The Cardiac Silent Treatment-siRNA's Rhythm Reset

Introduction of siRNA in Cardiac Diseases

Cardiovascular diseases (CVD) typically develop gradually over time and remain chronic conditions. The therapy of CVD has achieved considerable progress but current drugs show many negative characteristics including toxicity and resistance. The natural cellular defense mechanism of siRNA provides superior benefits compared to pharmacological treatments because it effectively targets CVD-specific pathogenic genes with high potency while maintaining low toxicity. The use of siRNA extends to hyperlipemia, ischemia-reperfusion and choroidal neovascularization models and also helps identify critical genes associated with CVD. siRNA uses the natural RNA interference (RNAi) pathway to target and break down mRNA molecules which results in decreased production of specific disease-related proteins. A specific approach demonstrated potential results in treating various cardiovascular conditions such as atherosclerosis along with heart failure and hypertension.

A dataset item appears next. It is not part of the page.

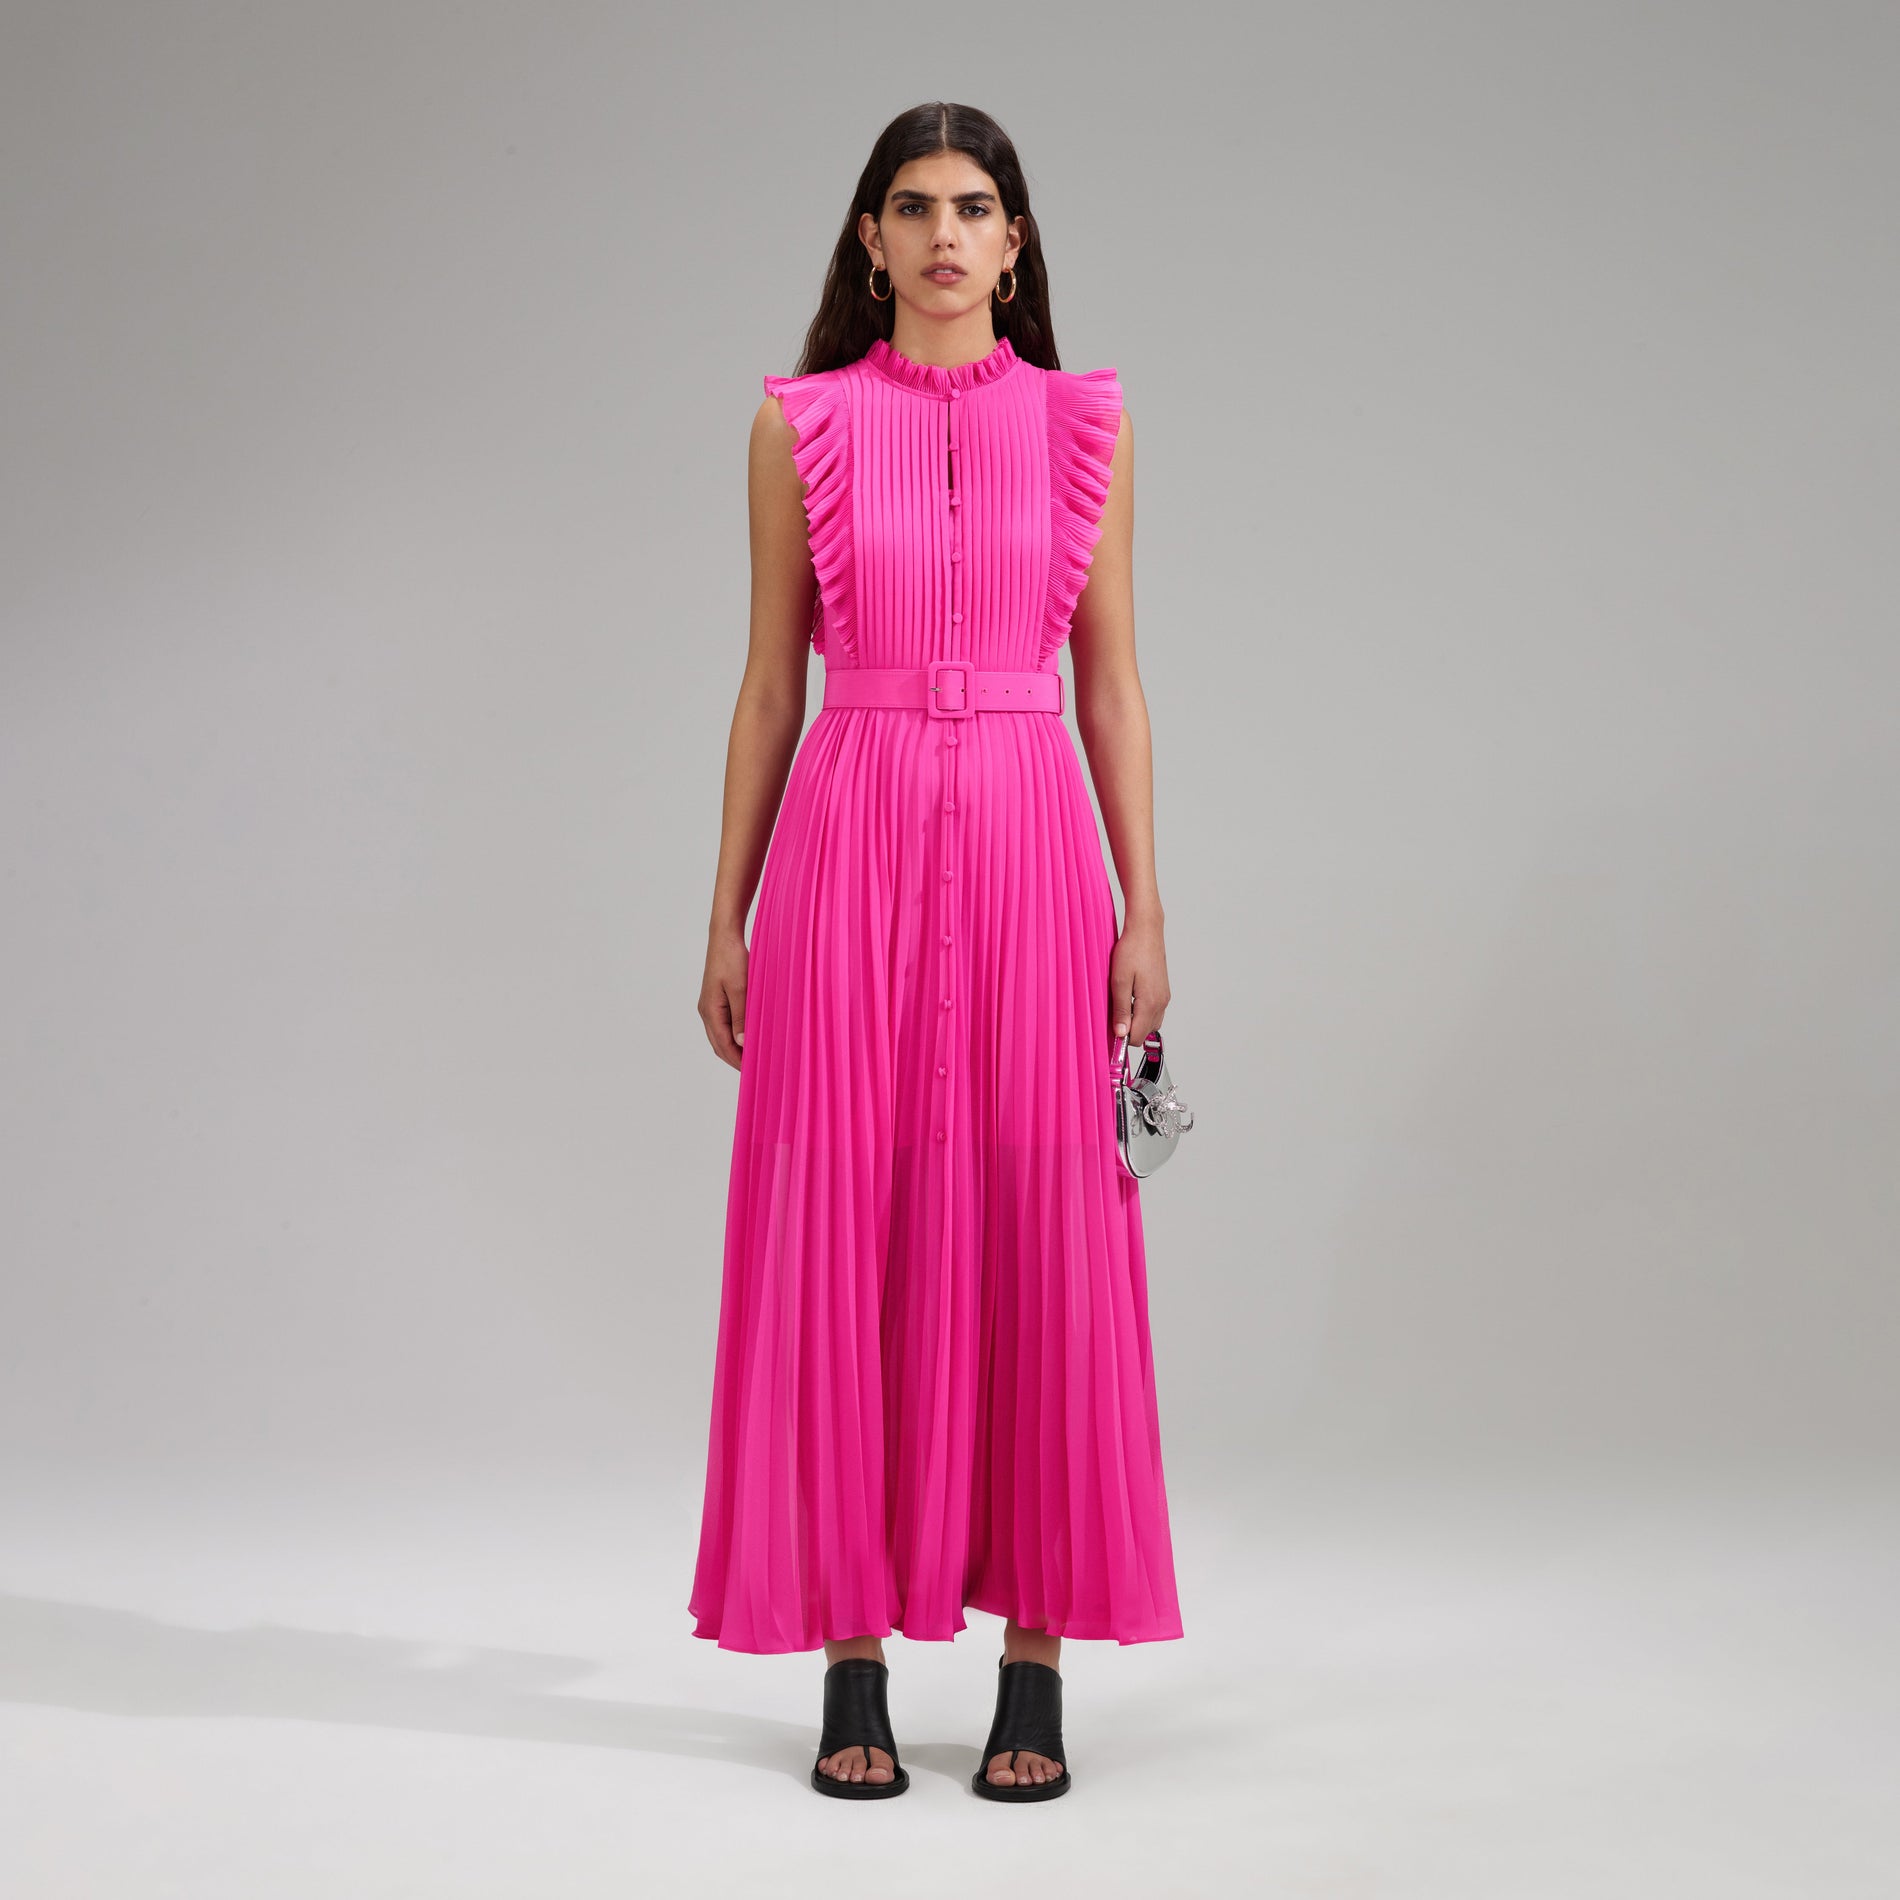 A woman wearing the Pink Chiffon Sleeveless Ruffle Midi Dress

Introduction: The Heart's Electrical Storm

CVD cover multiple conditions affecting the heart and blood vessels which remain the top cause of global mortality and present major health hurdles. This category covers cardiac issues including myocardial infarction (MI) and stroke along with heart failure and arrhythmias as well as various vascular diseases such as atherosclerosis hypertension peripheral artery disease valvular heart disease and congenital heart disease. Cardiovascular diseases resulted in approximately 20.5 million deaths globally in 2021. When cells receive double-stranded RNA molecules either through direct cytoplasmic introduction or from external environmental uptake they process these molecules into siRNAs. The enzyme Dicer enters the cell and cuts long dsRNA molecules into shorter segments called siRNAs. The guide strand of siRNA leads the RISC complex to specific mRNA targets which results in its cleavage or degradation and blocks protein synthesis.

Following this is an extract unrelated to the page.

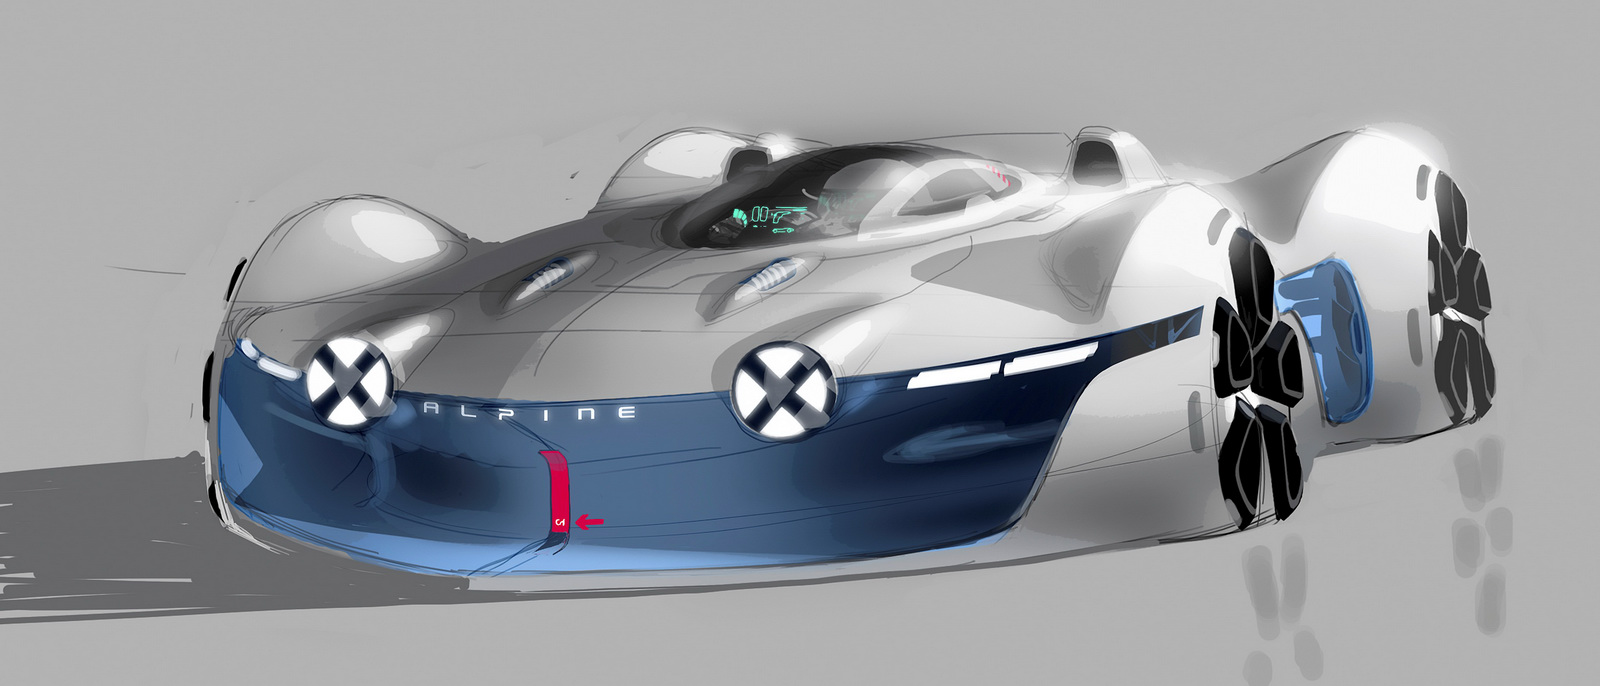 Alpine Vision Gran Turismo (2015) - Design Sketch by Yann Jarsalle

siRNA function: The Heart's Molecular Mute Button

• Therapeutic potential: Precision silencing of faulty cardiac ion channels

siRNA shows promise for treating cardiac conditions because it targets malfunctioning cardiac ion channels for silencing. Ion channel dysfunction usually triggers the development of arrhythmias such as atrial fibrillation and ventricular tachycardia. Scientists can develop siRNA molecules that attach to the mRNA of these ion channels which leads to decreased channel expression and may restore normal cardiac electrical function. The use of siRNA to target the mRNA of particular ion channels responsible for arrhythmogenesis shows encouraging results in preclinical studies by showing potential to decrease both arrhythmia occurrence and intensity.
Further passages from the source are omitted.